The trick to using the "tail" of the train is that it is checked for True/False at the same time as you have your final 'Engine' or 'result' from all the loops, the above example in a regular for-loop would look like this:
for line in file:
if not line.startswith('#'):
# have line
please note: Though in my analogy of a train there is only a 'tail' at the end of the train, the condition or 'tail' can be after every 'car' or loop...
for example:
>>> z = [[1,2,3,4],[5,6,7,8],[9,10,11,12]]
>>> [x for y in z if sum(y)>10 for x in y if x < 10]
[5, 6, 7, 8, 9]
In regular for-loop:
>>> for y in z:
if sum(y)>10:
for x in y:
if x < 10:
print x
5
6
7
8
9
From the list comprehension documentation:
When a list comprehension is supplied, it consists of a single expression followed by at least one for clause and zero or more for or if clauses. In this case, the elements of the new list are those that would be produced by considering each of the for or if clauses a block, nesting from left to right, and evaluating the expression to produce a list element each time the innermost block is reached.
In other words, pretend that the for loops are nested. Reading from left to right your list comprehension can be nested as:
for elem in vec:
for num in elem:
num # the *single expression* from the spec
where the list comprehension will use that last, innermost block as the values of the resulting list.
Your code equals:
temp = []
for elem in vec:
for num in elem:
temp.append(num)
You can look at list comprehension just as sequential statements.
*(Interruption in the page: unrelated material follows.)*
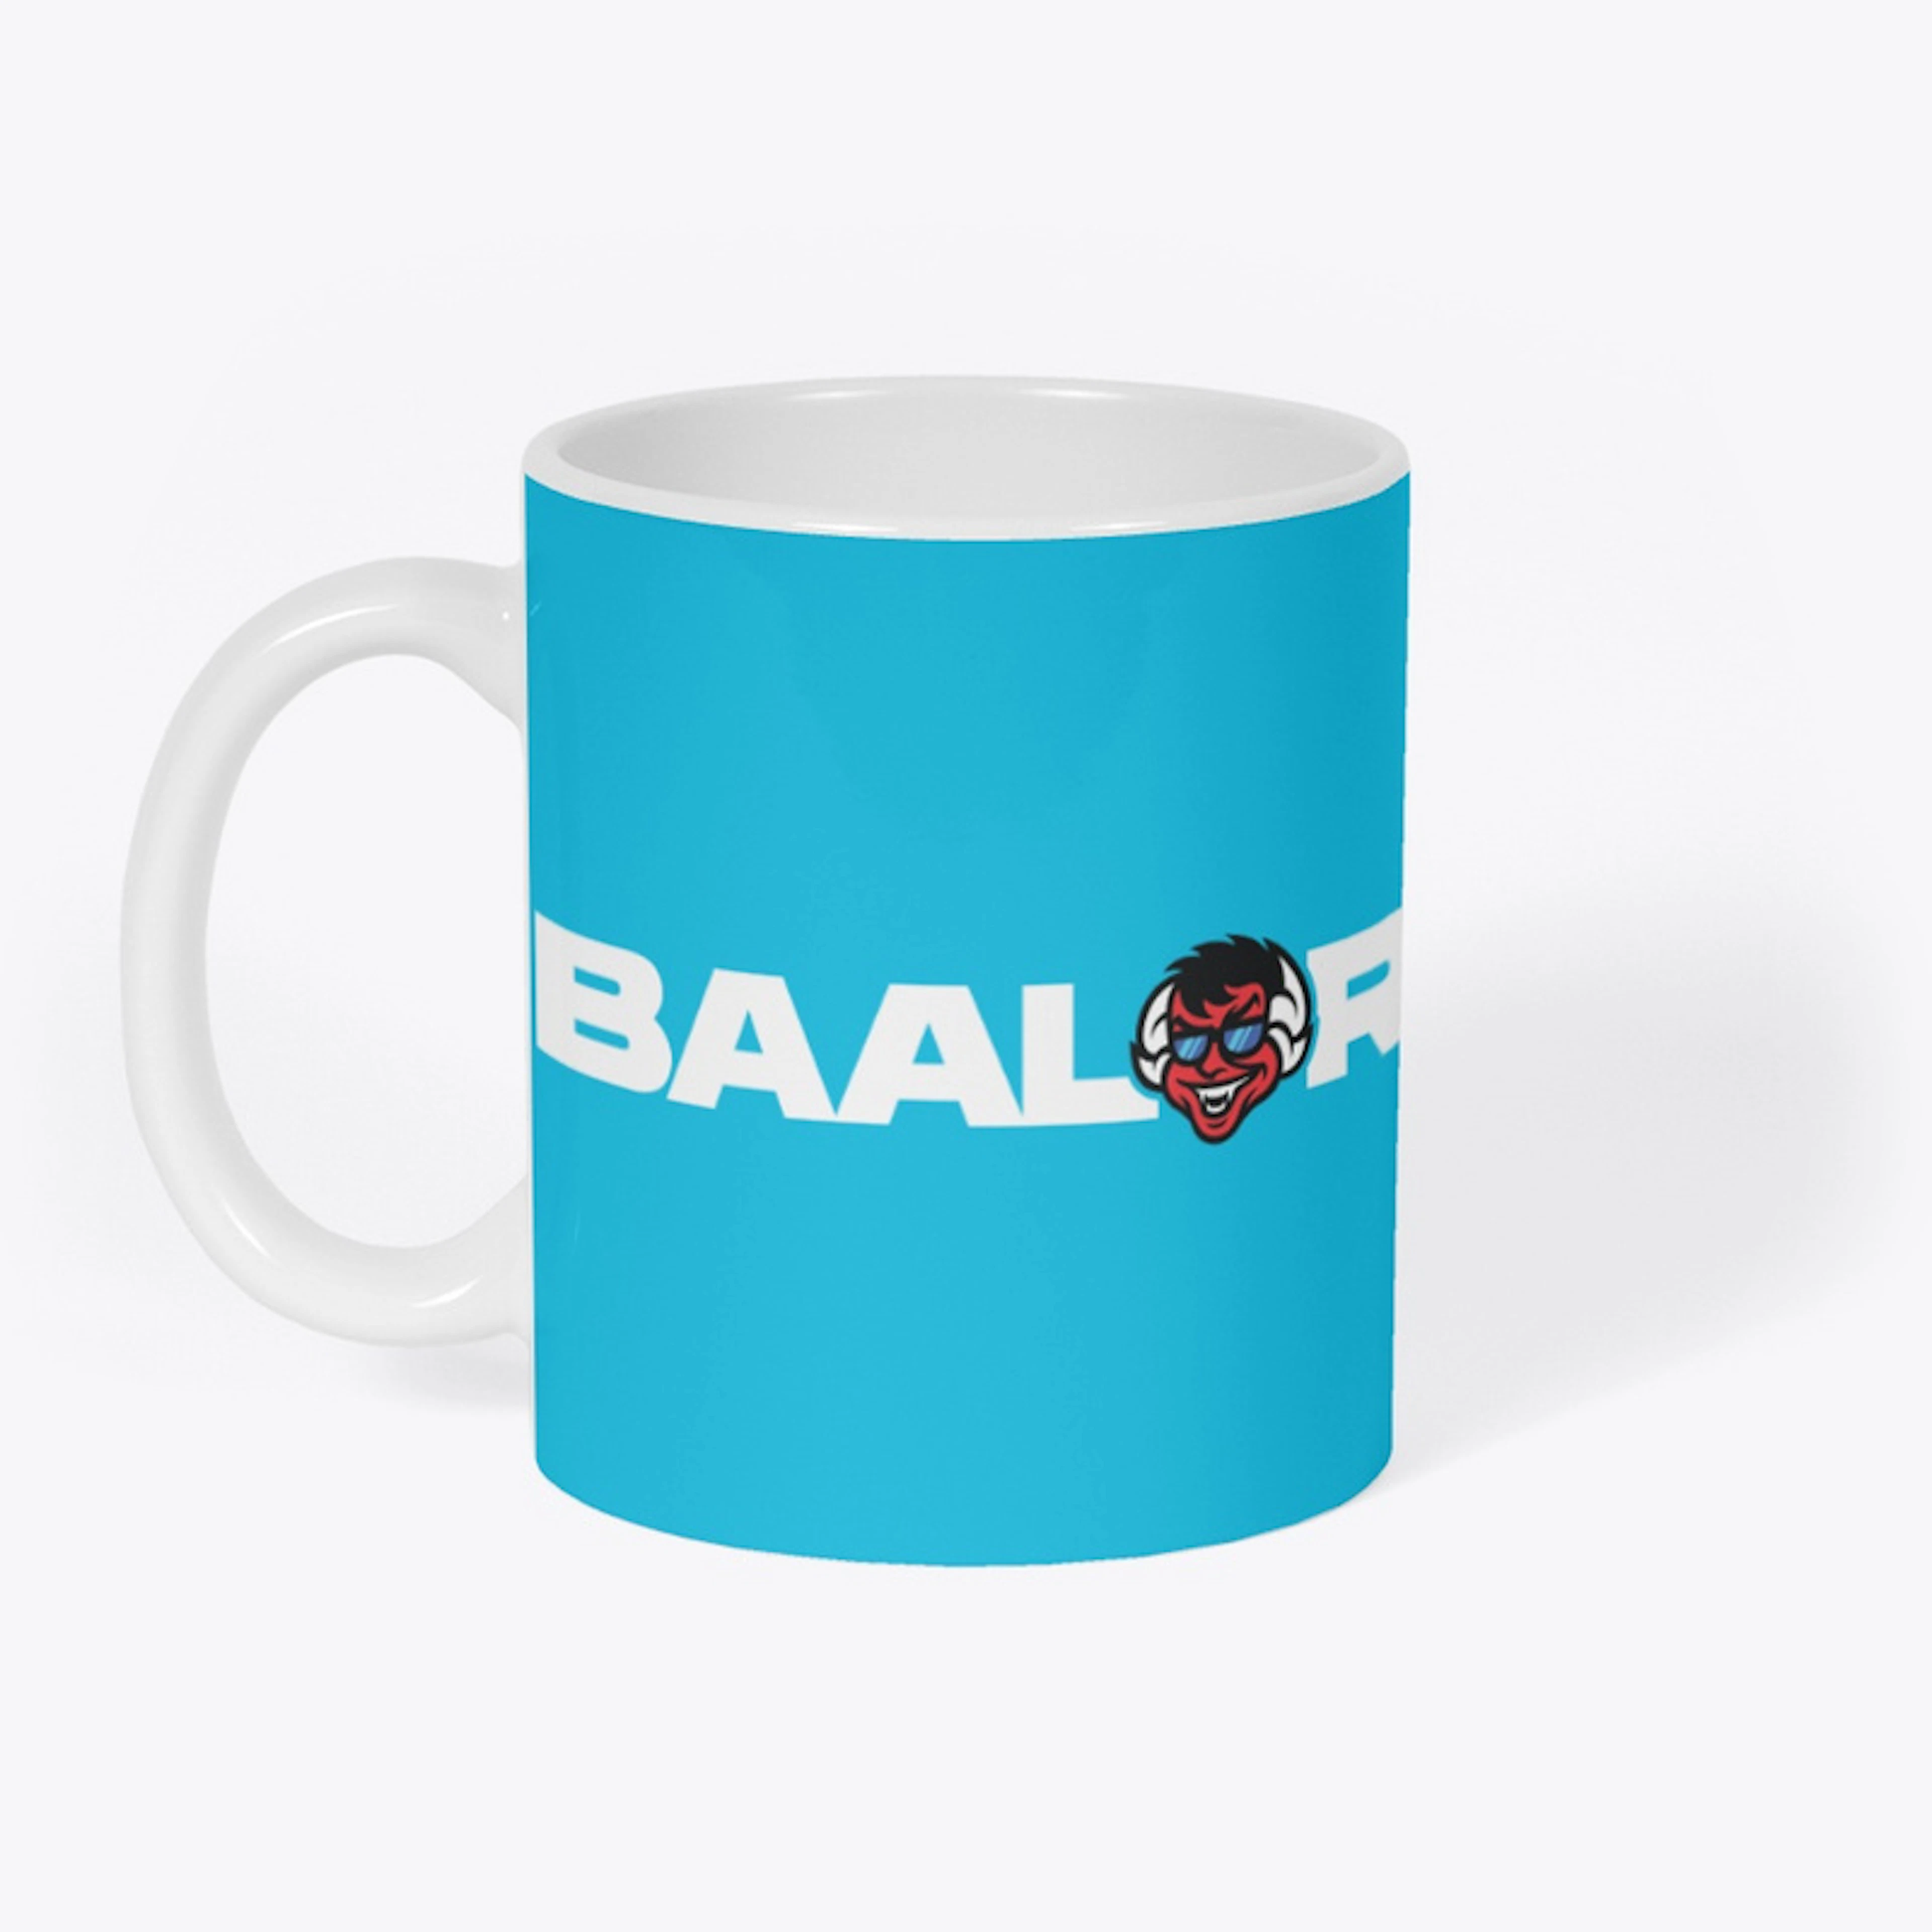 Baalor Face Mug

This applies for any levels of for and if statements.
For example, consider double for loop with their own ifs:
vec = [[1,2,3], [4,5,6], [7,8,9]]
result = [i for e in vec if len(e)==3 for i in e if i%2==0]
Here the list comprehension is same as:
result = []
for e in vec:
if len(e)==3:
for i in e:
if i%2==0:
result.append(i)
As you can see list comprehension is simply for and if without indentations but in same sequence.